Author: Kim A. Henderson, PhD, Nicholas Ether, PhD, and Hugo M. Vargas, PhD on September 23, 2025 
Identifying cardiovascular (CV) risks early in drug development is essential, especially for detecting arrhythmias and hemodynamic changes. Despite this, many nonclinical toxicology studies still rely on brief, restraint-based ECG and blood pressure measurements that often miss the timing of peak drug effects. In our recent study, we compared the sensitivity of these restraint methods to telemetry (the gold standard) across two investigational compounds: AMG 319, a PI3Kδ inhibitor, and AMG 337, a MET inhibitor. In telemetry-based studies, compounds showed clear, clinically meaningful QTc prolongation or hypotension, respectively. However, use of restraint-based method missed the CV effects entirely or inaccurately when compared to nonclinical telemetry and to clinical findings.

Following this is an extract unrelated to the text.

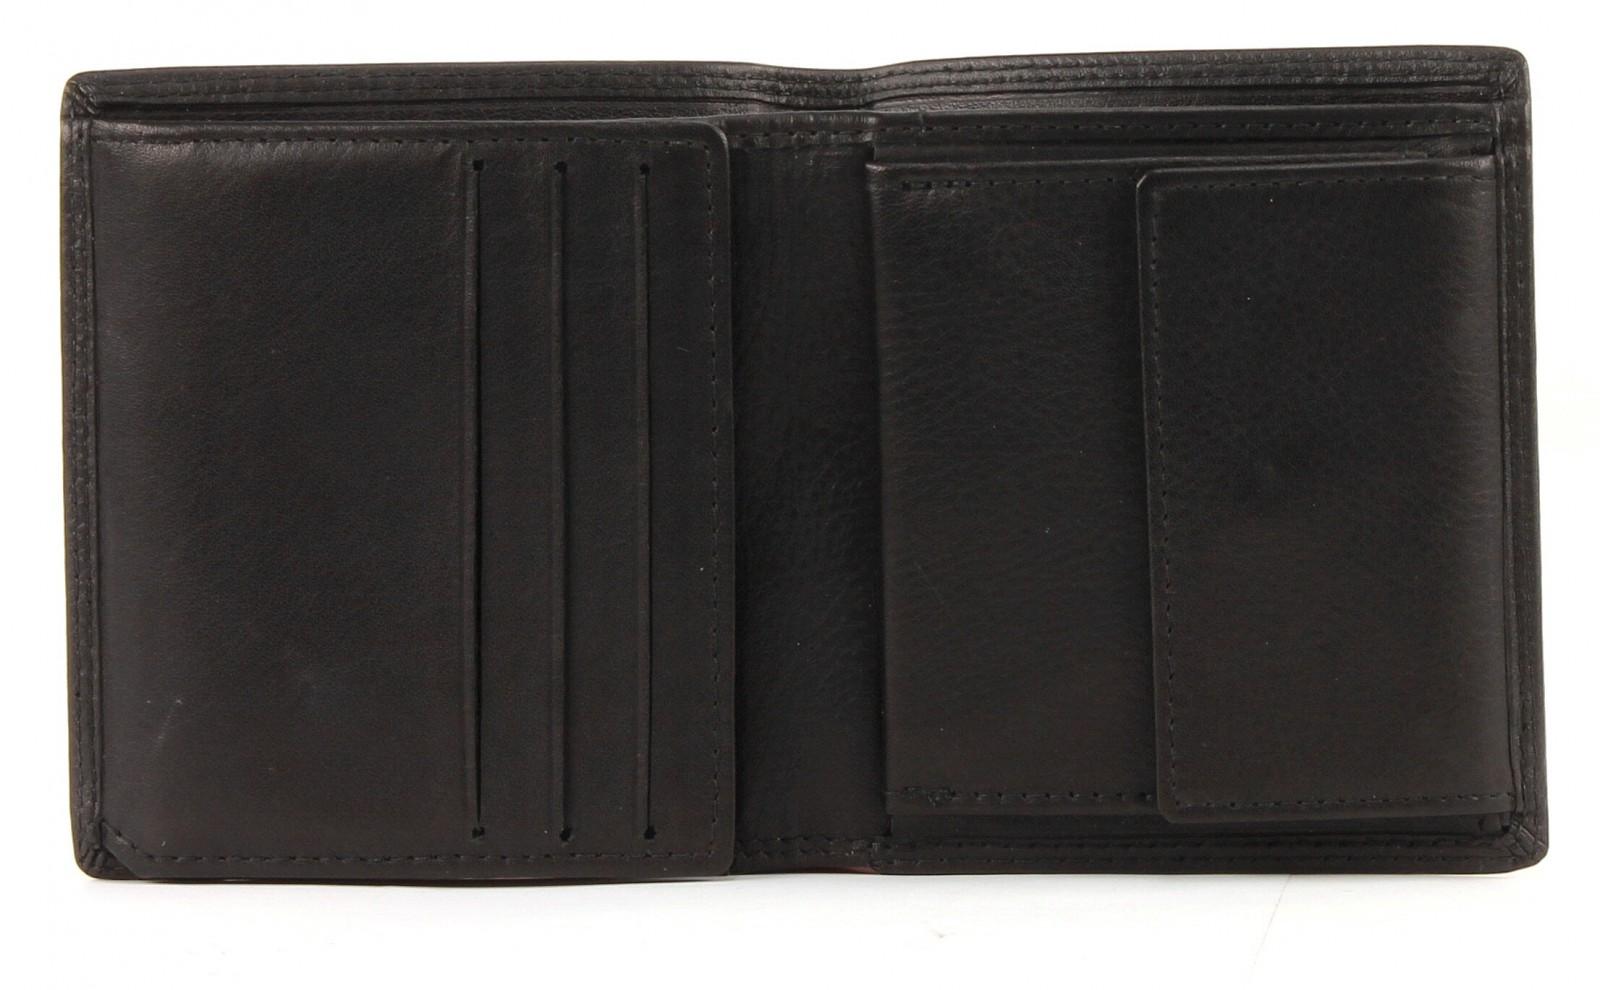 Samsonite Attack Quadrat Wallet with Flap Black
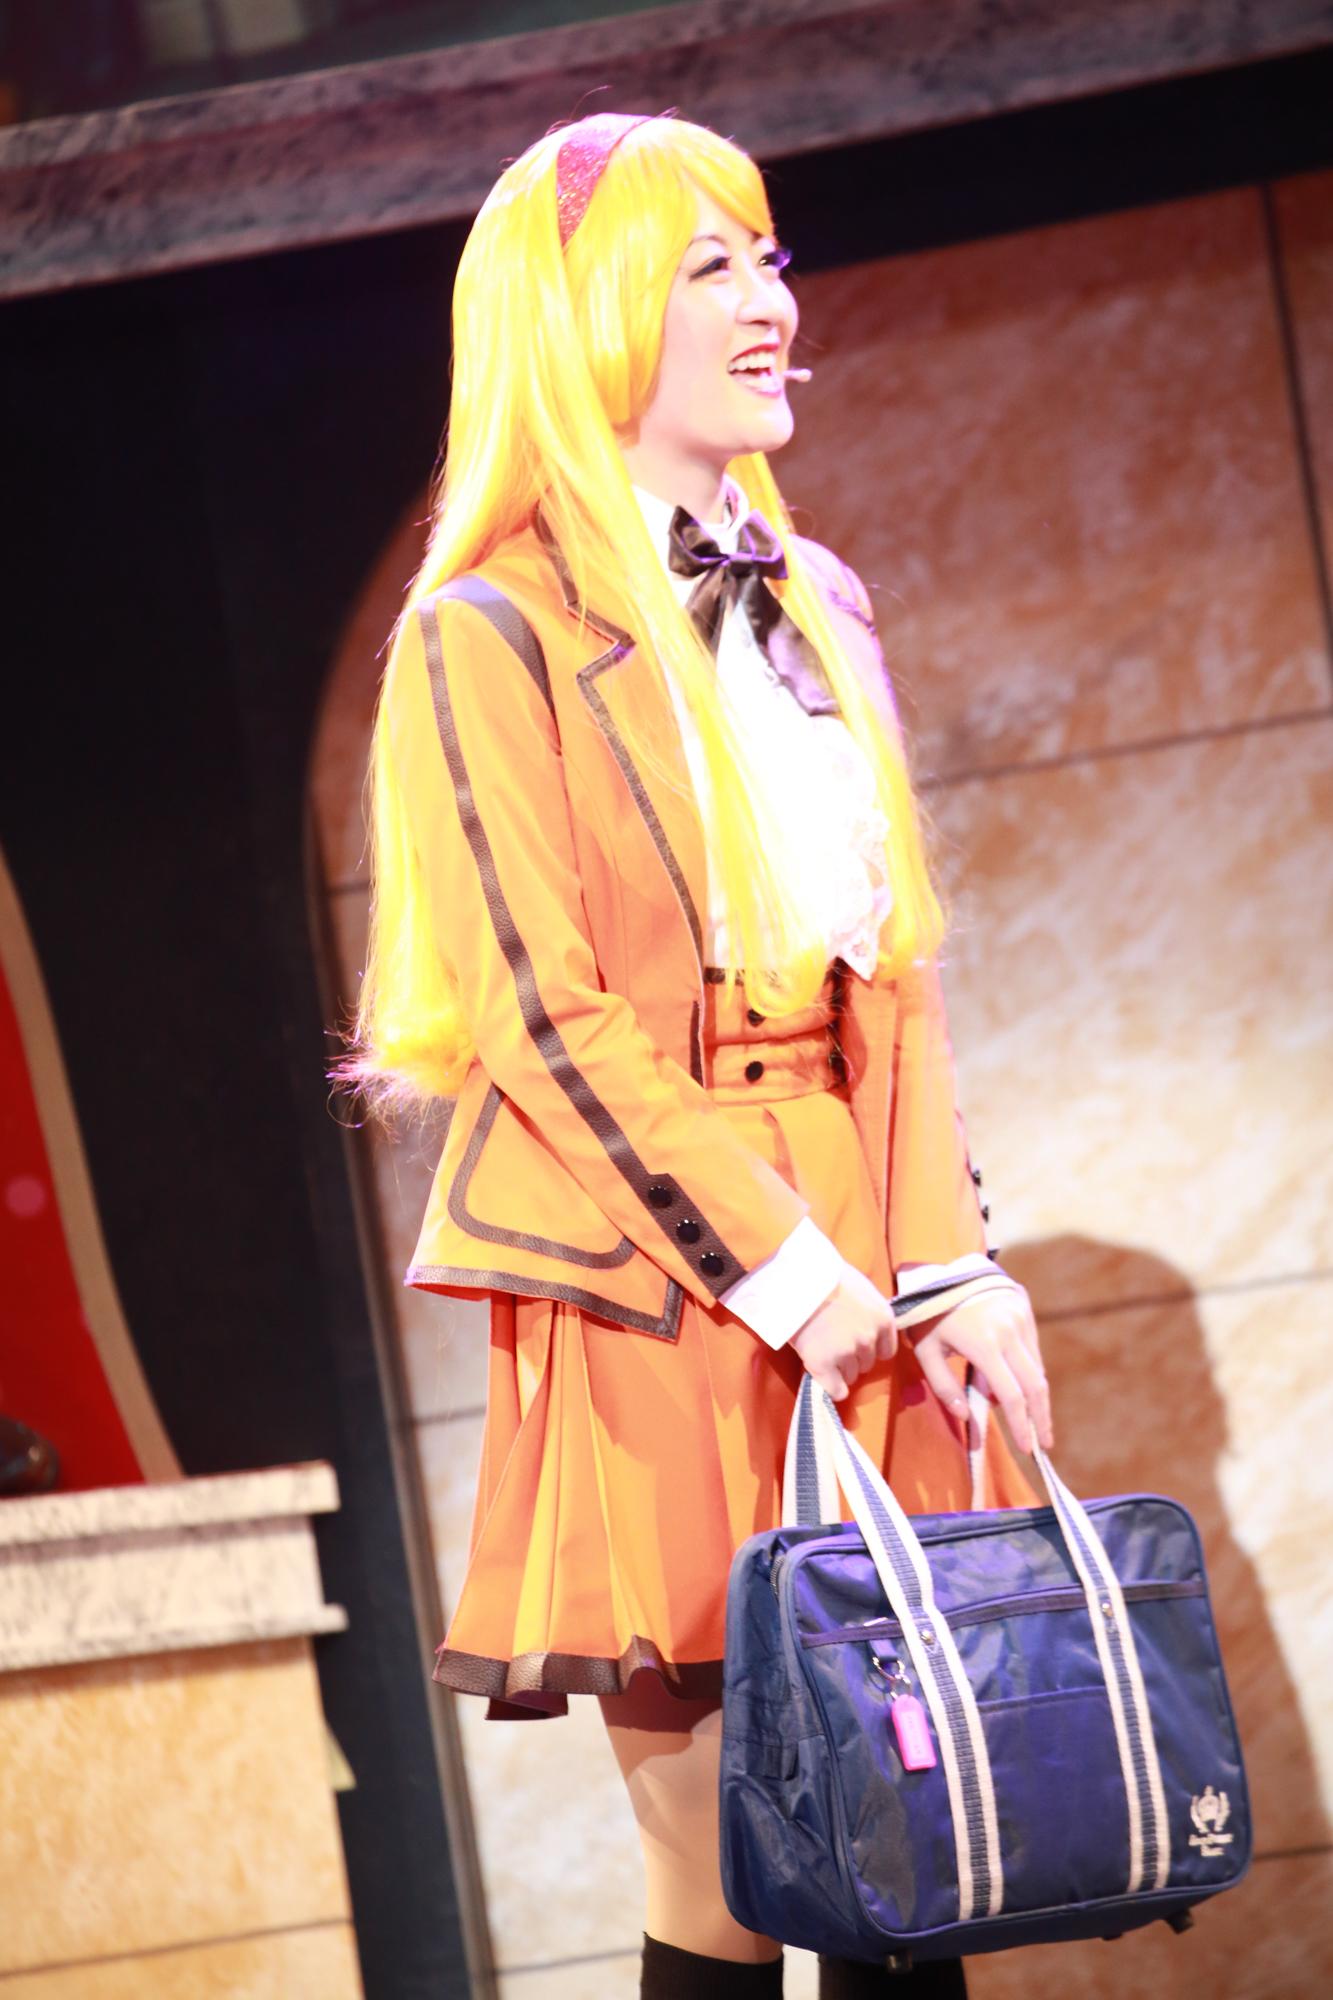 舞台「Cutie Honey Emotional(キューティーハニー・エモーショナル)」2020年2月6日、池袋のサンシャイン劇場にて。【(C)永井豪/ダイナミック企画・舞台「Cutie Honey Emotional」製作委員会

What stood out most were the physiological effects of restraint, which triggered stress and elevated heart rates that masked or distorted drug responses. For example, QTc intervals in restrained animals were shortened, which was directionally wrong compared to telemetry and hERG assay findings with AMG 319 (see image). In dogs treated with AMG 337, the drop in blood pressure (telemetry) went undetected, likely because the animals had elevated sympathetic tone from handling related excitement. These discrepancies raise serious concerns about the value of restraint-based methods in toxicology studies, and their potential for misleading nonclinical CV risk assessment. The use of telemetry methods in toxicology paradigms would be a better and more reliable approach, especially if toxicology studies are the primary nonclinical in vivo data source for evaluating CV safety.
Image caption: AMG 319 exposure levels associated with QTc prolongation in non-human primates align with hERG channel inhibition and clinical observations. The telemetry-based data reinforced the clinical relevance of the NHP QTc data, whereas restraint-based methods erroneously detected QTc shortening. Red box: The clinical exposure range associated with QTc effects sizes of 30-60 ms.